Stored data —
● ● ● ● ●

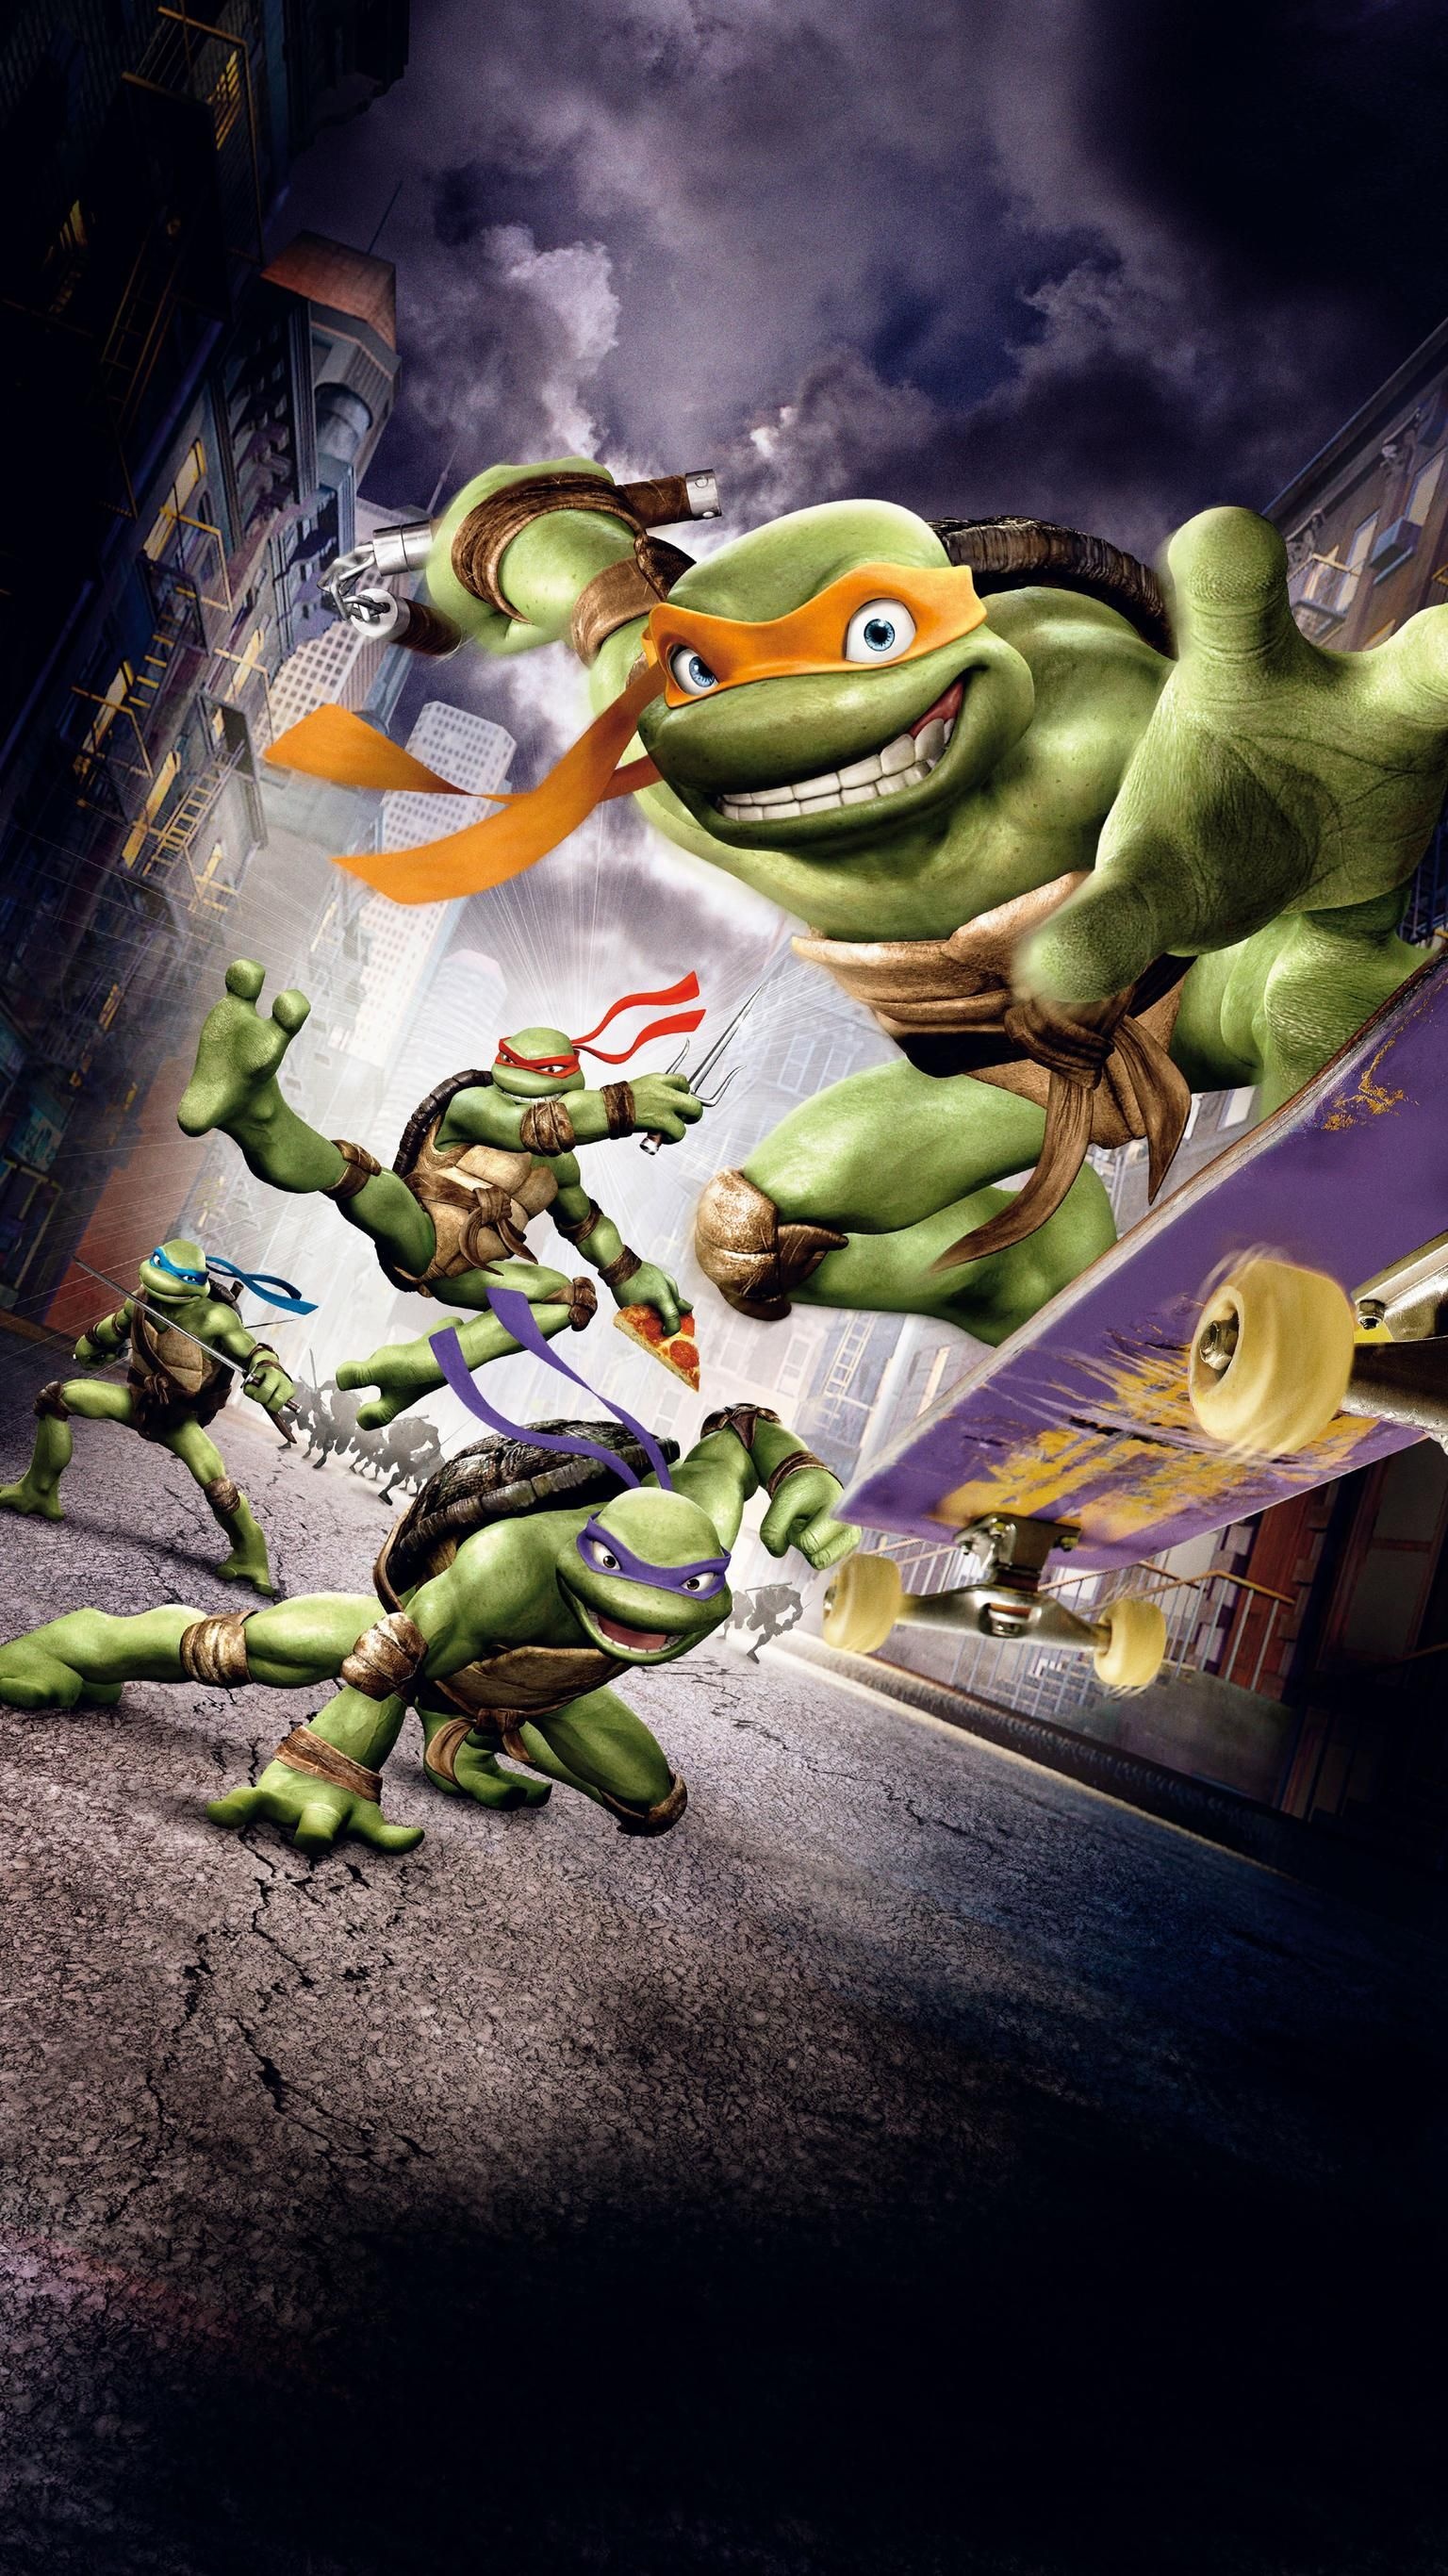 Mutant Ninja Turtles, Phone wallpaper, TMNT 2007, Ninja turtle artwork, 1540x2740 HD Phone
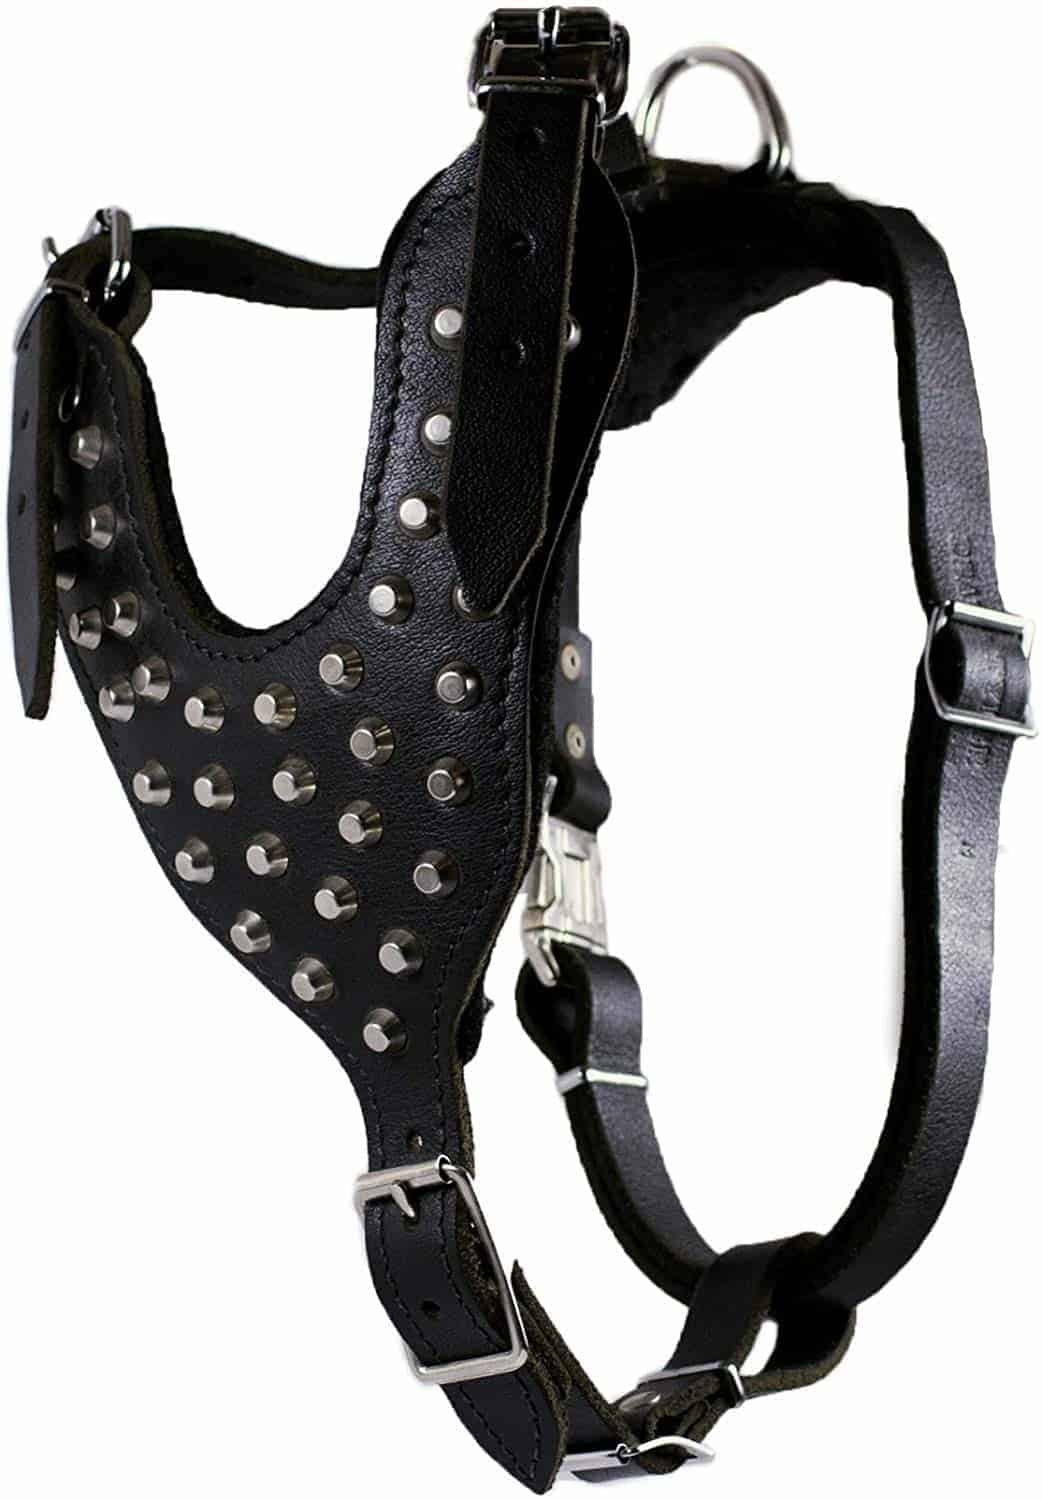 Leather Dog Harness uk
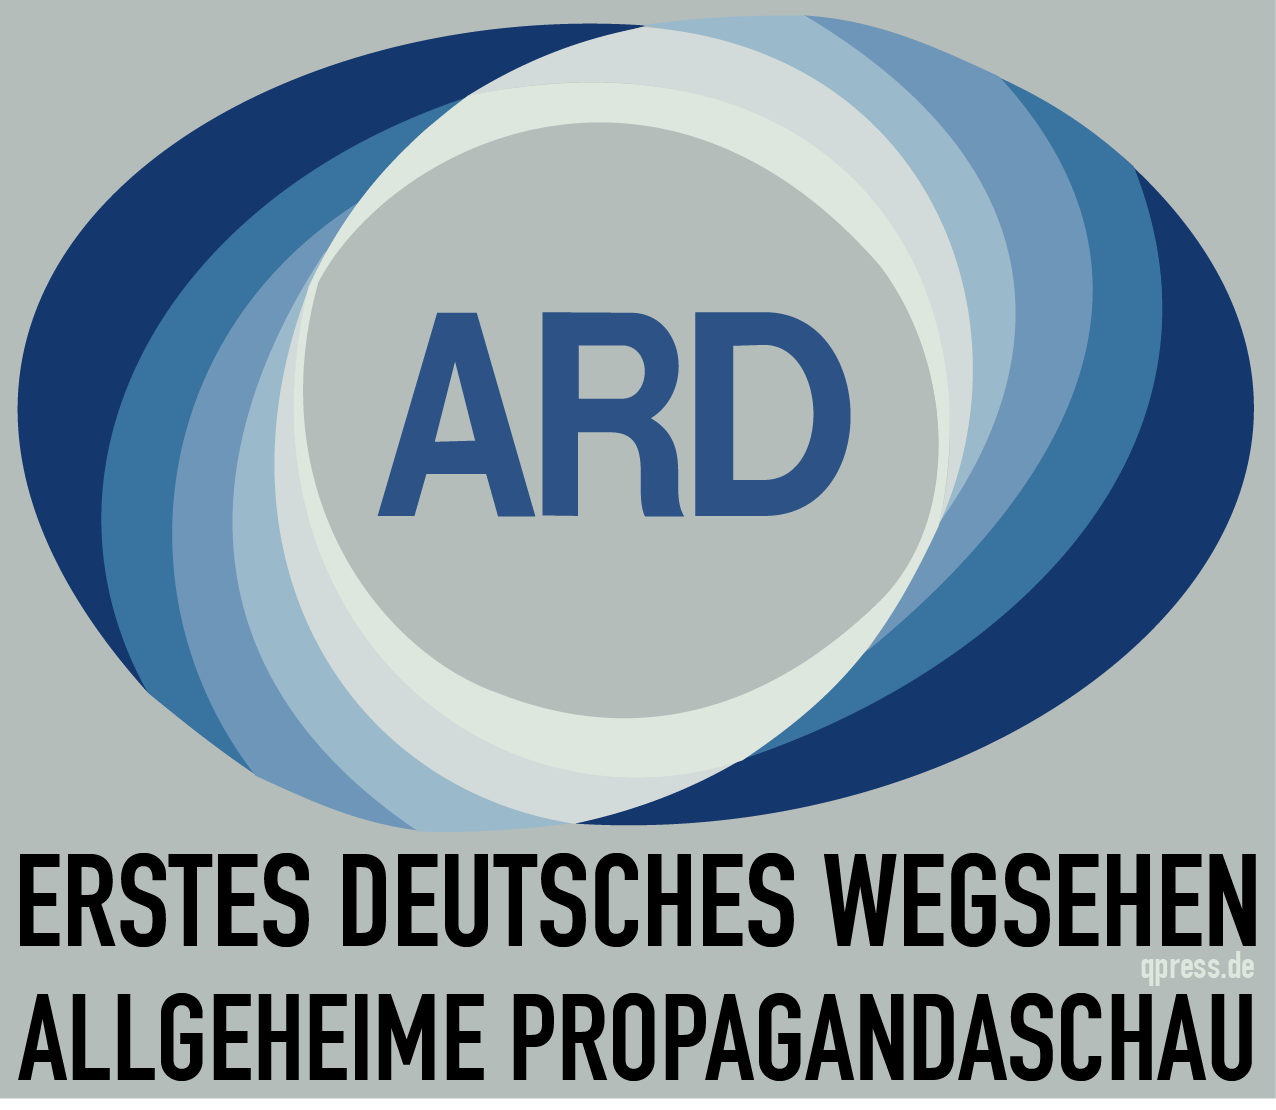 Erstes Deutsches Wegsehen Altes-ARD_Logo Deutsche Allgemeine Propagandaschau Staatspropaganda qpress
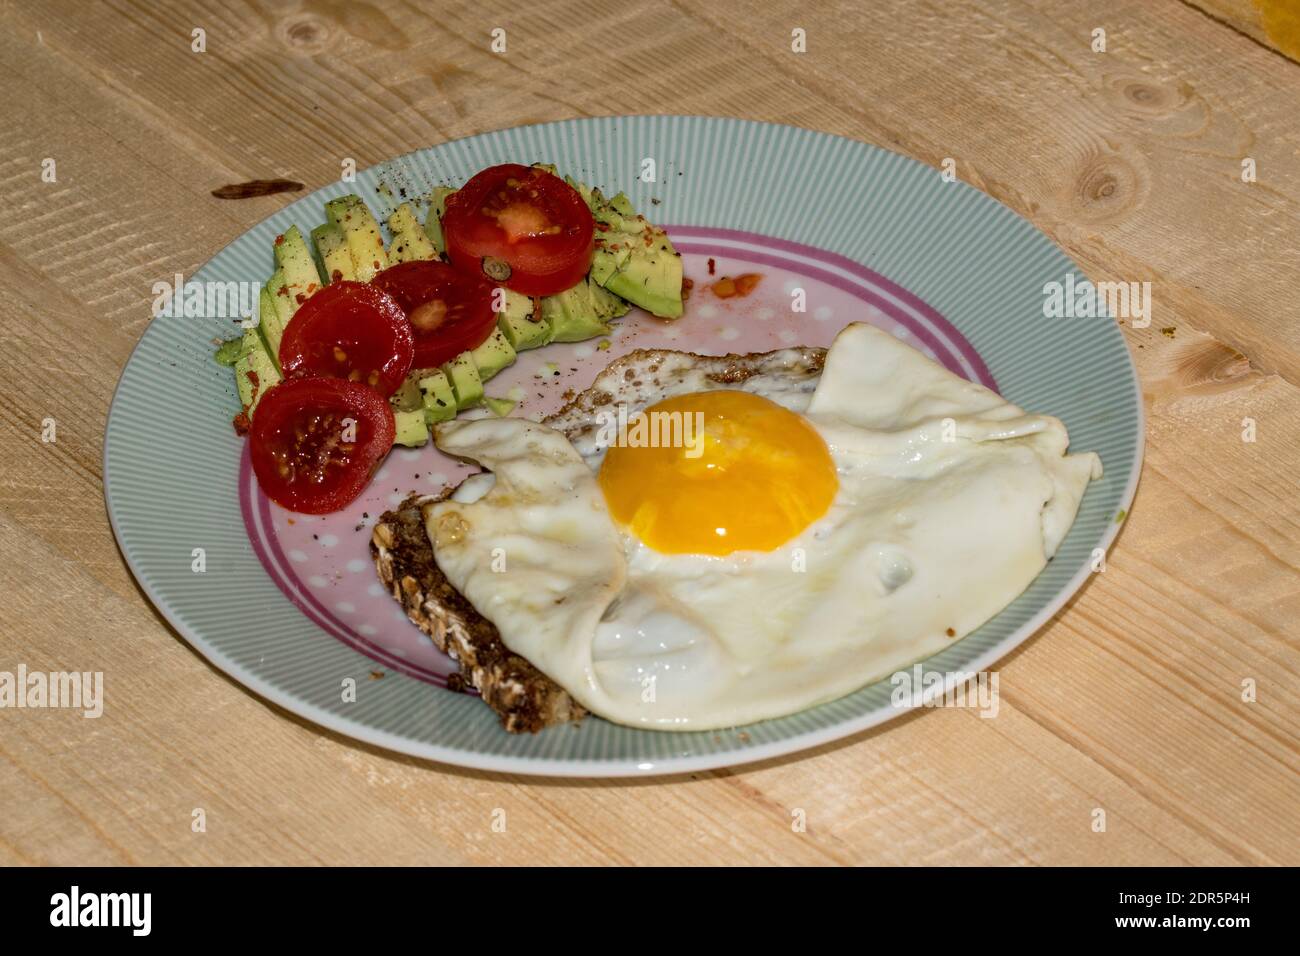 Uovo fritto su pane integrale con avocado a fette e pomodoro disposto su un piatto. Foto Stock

● ● ● ● ●

Give the data above again exactly. Leave the pictures out.

Task solution —
 Mutant Ninja Turtles, Phone wallpaper, TMNT 2007, Ninja turtle artwork, 1540x2740 HD Phone
 Leather Dog Harness uk
 Erstes Deutsches Wegsehen Altes-ARD_Logo Deutsche Allgemeine Propagandaschau Staatspropaganda qpress
 Uovo fritto su pane integrale con avocado a fette e pomodoro disposto su un piatto. Foto Stock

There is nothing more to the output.